Google DeepMind just unveiled Genie 3, offering evidence that AI-generated “world models,” which differ from large language models in their ability to truly understand 3D environments, have graduated from proof-of-concept demos to something approaching an interactive platform.
The system can spin up a playable 3D environment from nothing more than a text prompt and keep it running in real time at 24 fps, 720p for several minutes while maintaining spatial consistency. Public demos ranged from volcanic rover expeditions to Victorian streets with portal jump-cuts, all rendered on the fly.
Why does that matter? World models compress the physics and semantics of a scene into latent representations that an AI (or a human tester) can rewind, branch and perturb at will. That makes them attractive as a data amplifier for robotics, autonomous-driving edge cases, safety testing and even scientific “digital twins.” (And for creating video-game worlds in real-time.) Until now, though, the field has wrestled with short clips and brittle memory. Genie 3 pushes the interaction horizon beyond the approximately one-minute duration of Genie 2 and introduces “promptable world events.” That capability lets a user reshuffle weather or drop new objects mid-session via text. DeepMind attributes the jump to an autoregressive pipeline that rereads the entire action trajectory every frame, so the model can cope when a user backtracks through the scene.
The advance is real, but so are the caveats. Google openly lists a constrained action set, rudimentary multi-agent physics and a session length still measured in “a few minutes.” Accordingly, Genie 3 ships only as a limited research preview for select academics and creators while safety questions are studied.
A suddenly crowded field of video and world models
The strategic value of credible simulators is not lost on rivals:
NVIDIA Cosmos World Foundation Models debuted at CES 2025. Split into Nano, Super and Ultra tiers, Cosmos emphasizes physics-aware video generation and synthetic-sensor data, ships under a permissive commercial license and offers models ranging from 4B to 14B parameters, as TechCrunch has noted.
Meta’s V-JEPA 2 takes a different tack: it pre-trains on over 1 million hours of internet video and fine-tunes on less than 62 hours of robot trajectories to achieve state-of-the-art action anticipation and zero-shot robotic planning, as an arXiv preprint notes. The message is that vast passive video plus a sprinkling of interaction can yield a viable world model.

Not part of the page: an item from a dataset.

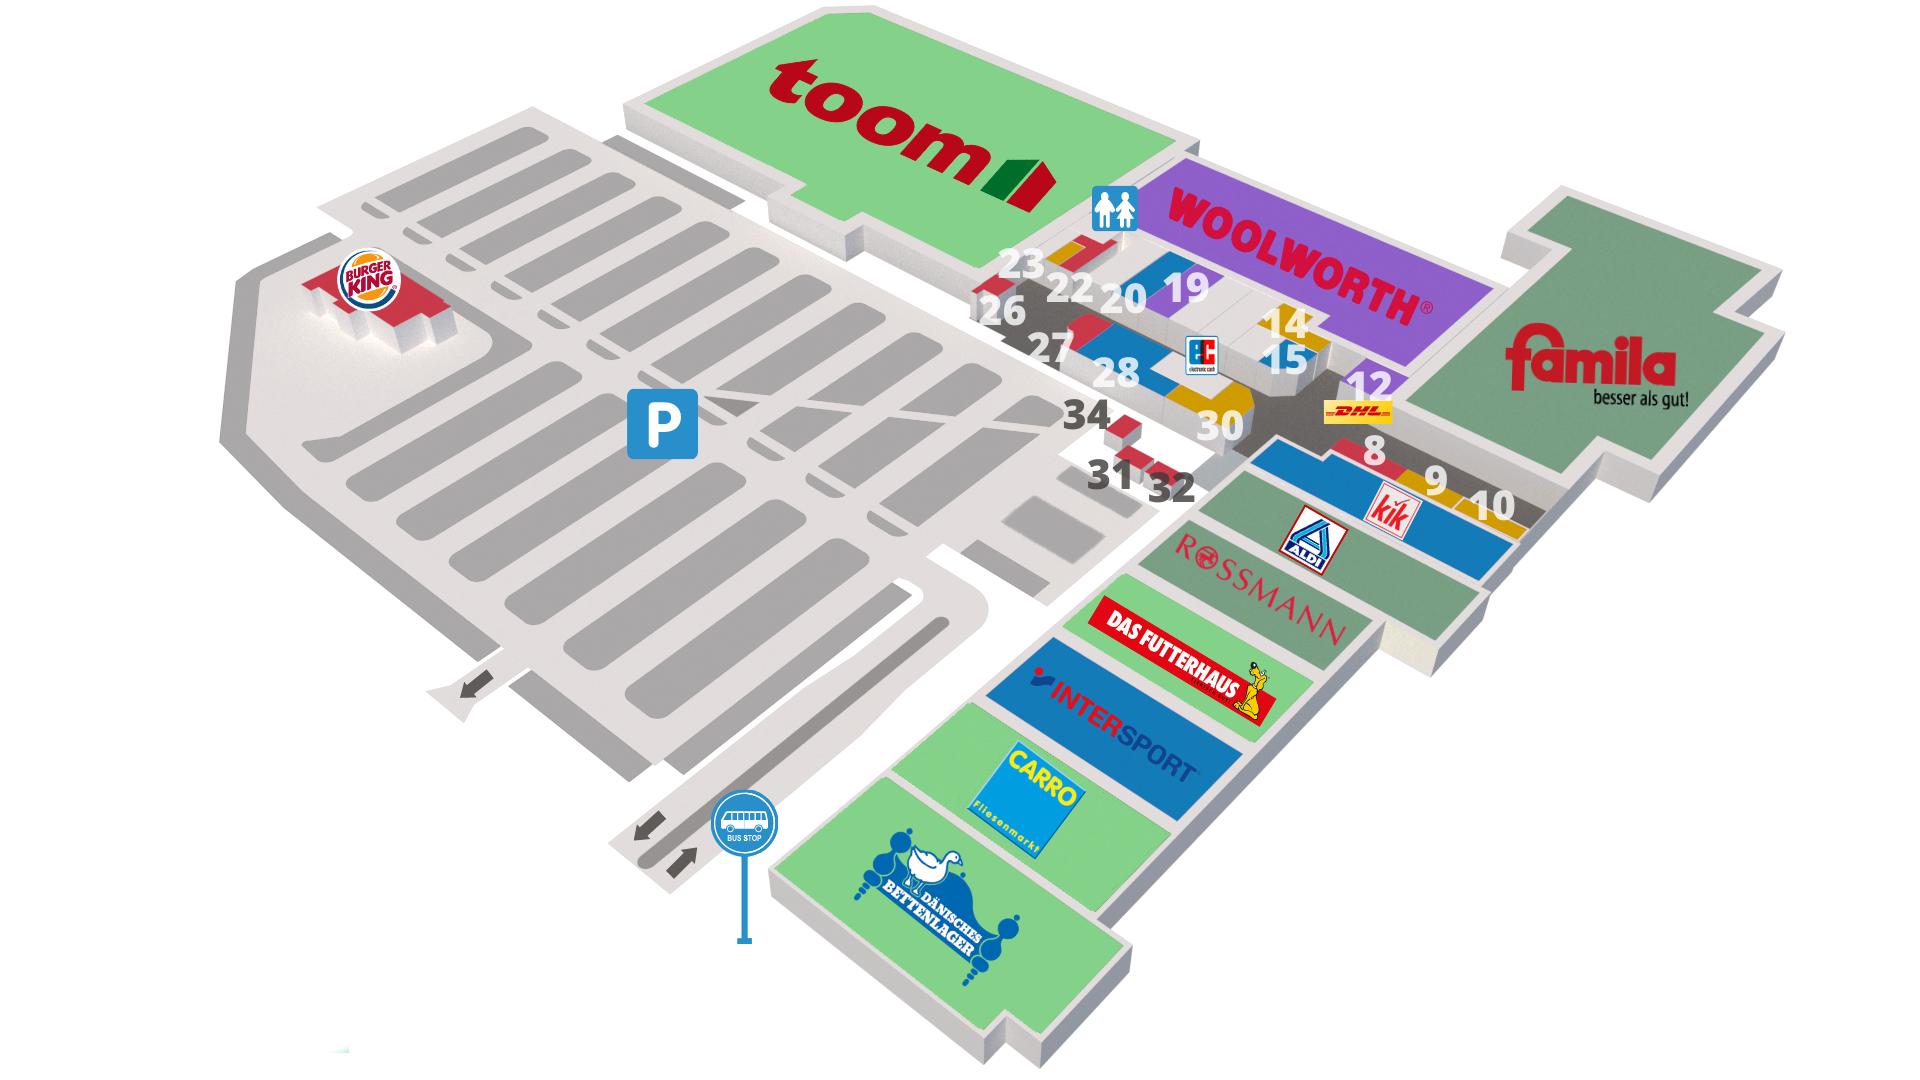 Lageplan der Geschäfte im Eiderpark

Startup Decart is commercializing its world model directly as a game called Oasis, trained on Minecraft footage and already claiming “millions of users” (reaching its first million users in just over three days). The company just raised $32M Series A and claims transformer-diffusion hybrids give it a cost edge on consumer hardware, as SiliconANGLE noted.
Beyond Genie 3, the video-generation field includes OpenAI’s Sora (consumer access currently tops out at 1080p and roughly 20-second clips), Google DeepMind’s Veo 3 (4K output, stronger physics, and native audio, available through Gemini), U.S. tools like Runway Gen-3 Alpha and Luma Dream Machine (widely used creator tools, with Dream Machine commonly producing approximately 10-second, up-to-1080p clips), plus fast-moving Chinese systems such as Kuaishou’s Kling (v2.1 adds 720p/1080p modes and multi-image reference for identity consistency), MiniMax’s Hailuo-02 (native 1080p) and Alibaba’s Wan 2.1 (announced for open-source release; a recent VBench leader). These systems emphasize cinematic fidelity and prompt adherence but remain non-interactive generators—unlike Genie 3’s agent-playable worlds.

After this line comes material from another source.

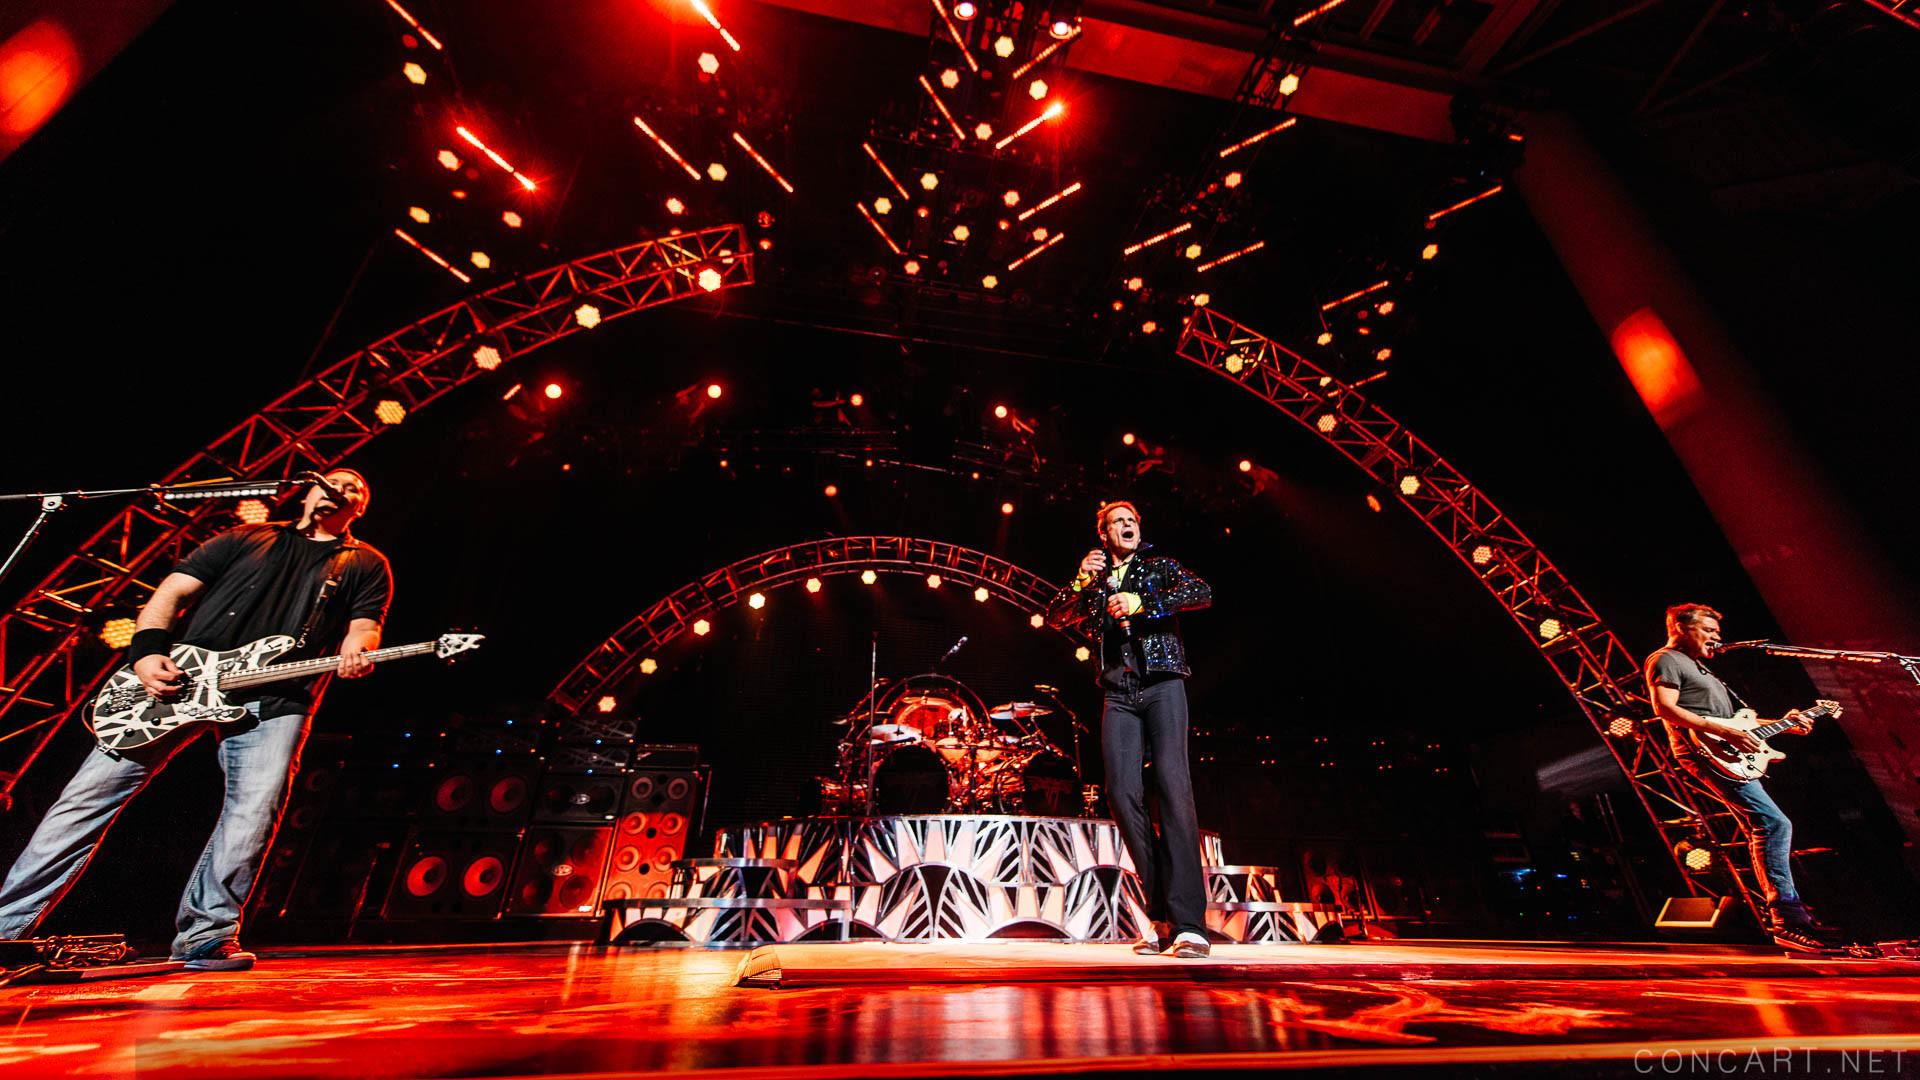 Van Halen Wallpaper HD (59+ Images

DeepMind optimizes for low-latency interaction, NVIDIA for high-fidelity physics and sensor realism, Meta for scalable action understanding, and startups for user-generated content loops. Expect intense debate this year over evaluation: synthetic scenes must be judged not just by FVD or SSIM but by how faithfully an agent trained inside them transfers to the real world.
What could come next
DeepMind hints at longer sessions, richer action vocabularies and multi-agent social physics, but it hasn’t set public timelines. NVIDIA has developed an upsampling model and guardrails to keep Cosmos outputs safe for enterprise use. Meta researchers are already layering V-JEPA 2 with language models for instruction following; their next milestone is hour-long procedural tasks. And Decart aims to port Oasis to custom inference chips to cut latency for consumer play.
Synthetic environments are maturing fast enough to become a standard part of R&D pipelines, but only if their physics, memory and safety constraints are measured as rigorously as their photorealism.